Involucionando
Ahora que ya ha cesado el ruido de sables –o lo que es lo mismo, ahora que la atención mediática vuelve a posarse sobre otros lares-, quiero reflexionar en estas líneas sobre el ya calificado como «tema de los titiriteros». Es difícil hablar sobre este tema sin decir algo que no haya dicho alguien antes, ya sea para bien o para mal, para demonizar el asunto o para erigirlo como barricada ante el abusos… Y, en la mayoría de los casos, desde la más atrabiliaria impostura. Aun así, yo también siento la necesidad de imbuirme de este postureo 2.0 y escribir, colocándome en el lado de los de la barricada.
Todo empezó como una vorágine de confusas noticias lanzadas con cuentagotas; noticias que, a la postre, se revelaron como sesgadas e irritablemente sensacionalistas. Aunque bueno… En este tiempo que nos arropa, lo extraño habría sido que los sucesivos detalles hubieran sido tratados con objetividad. Pronto, y paradójicamente, los titiriteros pasaron a ser muñecos de guiñol dentro del improvisado campo de batalla: los dos bandos de la España cainita luchaban ataviados con sus mejores galas, mientras los componentes de la compañía Títeres desde abajo seguían en prisión preventiva y sin fianza. Y así estuvieron nada más y nada menos que cinco días.
En la función, de título La bruja y Don Cristóbal, se recupera a este último personaje, que es parte del repertorio ibérico tradicional del teatro de títeres; un oscuro personaje que ya Lorca retrataba en su Retablillo de Don Cristóbal. Los que ahora se rajaban las vestiduras con las muestras de violencia de la obra, posiblemente no saben que el teatro de títeres ha sido siempre un lugar en el que el artista, despojado de sus vestiduras carnales de piel y hueso gracias a sus guiñoles, se encontraban más libres. Poseían los titiriteros (y poseen) un altavoz en sus marionetas y cachiporras, que les permitía tratar cualquier tema sin cadenas, valiéndose para ello de la acidez y la crudeza; una convención perfectamente aceptada dentro del teatro popular. Recordemos, por otro lado, que «teatro de títeres» no es sinónimo de «teatro infantil».

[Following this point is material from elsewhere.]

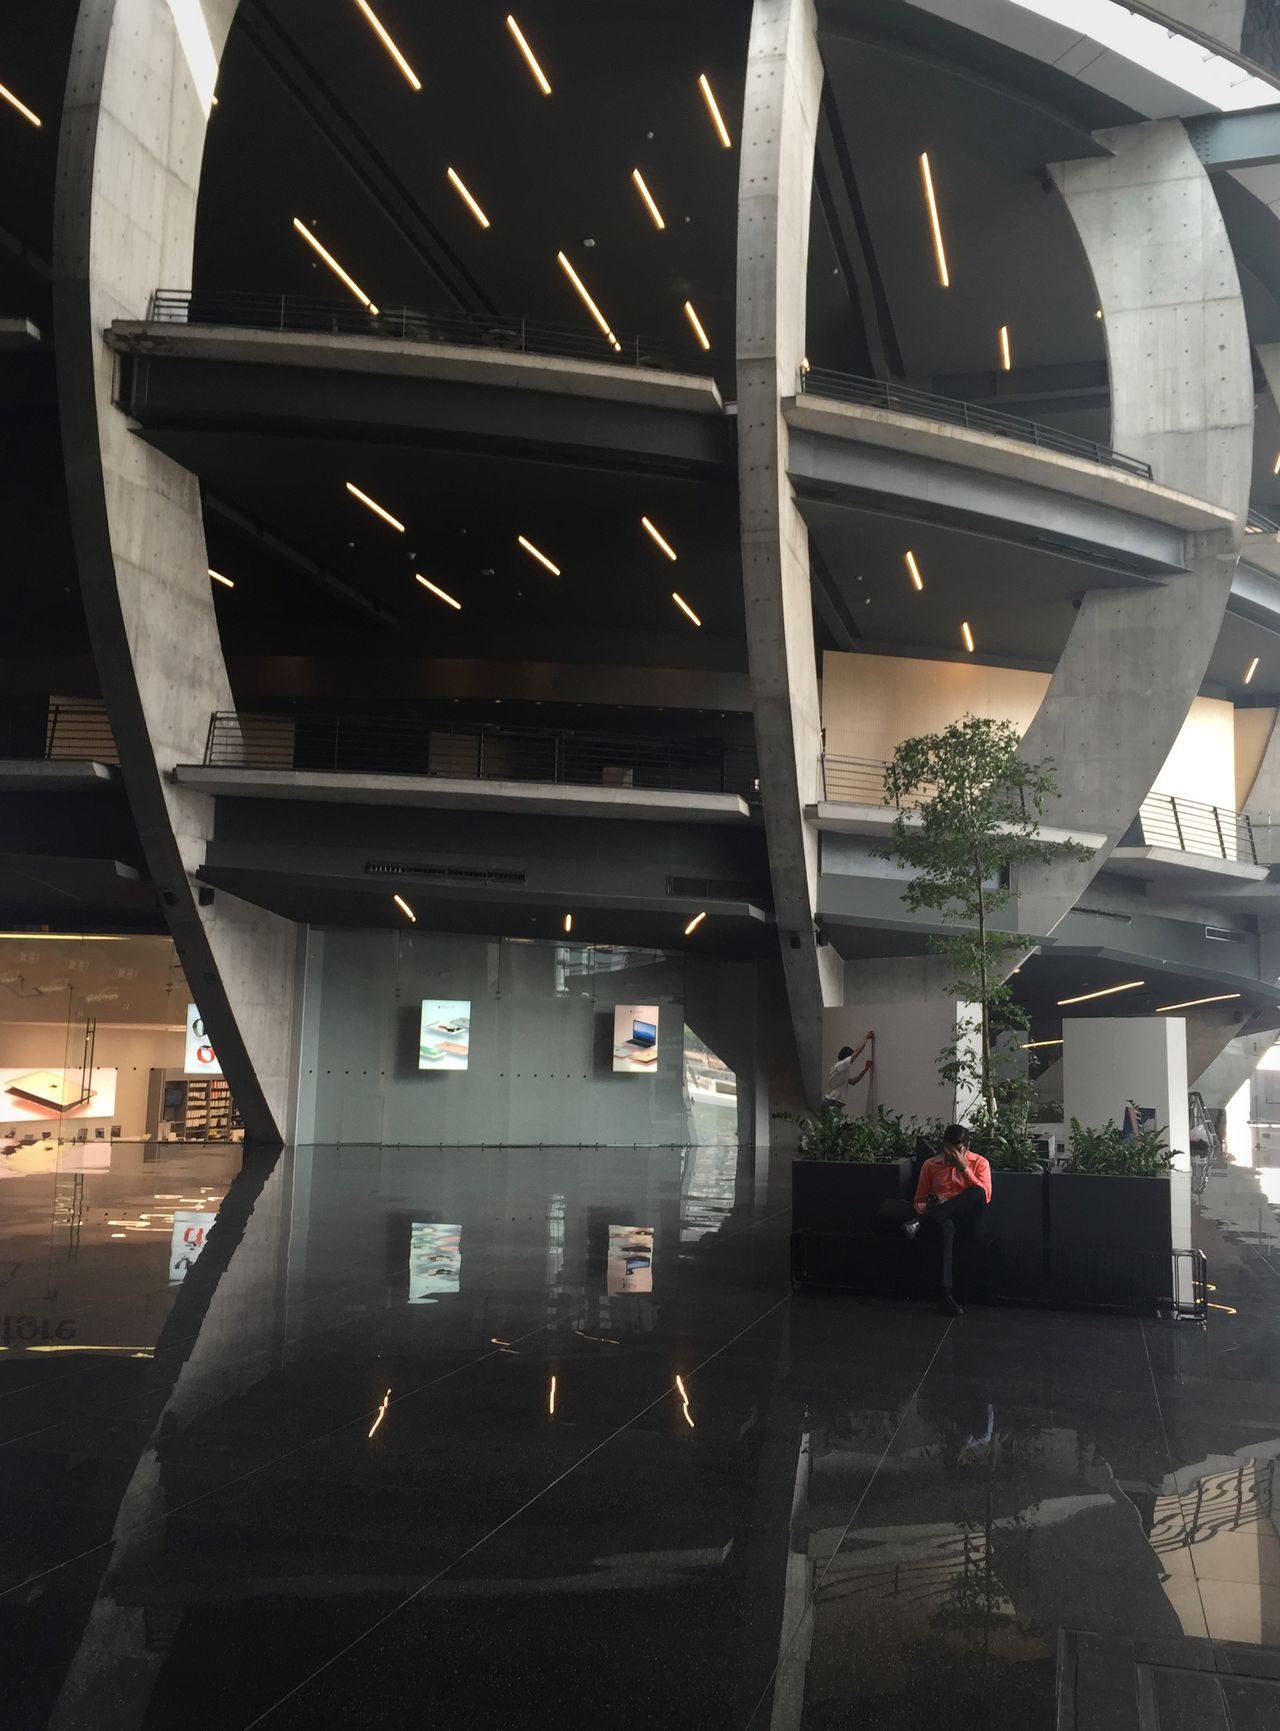 354 / 366 Agustin Landa Agustinlanda Architectural Column Architectural Feature Architecture Building Built Structure Column Illuminated Interior Modern Pabellon M PabellonM

Yo creo que estamos involucionando, no soy capaz de encontrar otra explicación. ¡Todo el país parado porque en una función de títeres un personaje le colocó a otro un cartelito que rezaba «gora alka-eta»! Un cartel colocado, además, para inculpar de un crimen al personaje, no para hacer apología de ningún escabroso asunto. Y es que, por estas tierras españolas, o se está con el que tiene la vara de mando o eres ETA. Y si se puede, se te quema en la hoguera cual bruja. ¿Que la obra no era para niños? Pues probablemente no; y el error del Ayuntamiento de Madrid, al no indicarlo más claramente, es obvio (dicho sea de paso, ni yo ni los millones de españoles que hemos opinado sobre este tema hemos visto la obra). Pero, ¿cómo se traslada la opinión pública (y el poder judicial) desde ese error de programación, en una analogía con lo que ellos mismos reflejan en su obra, a colgarles el cartel de enaltecedores del terrorismo? Ay, qué país. Ahí siguen, en semi-libertad, porque continúan imputados. ¿Les habrán confiscado también sus títeres, esas peligrosas armas?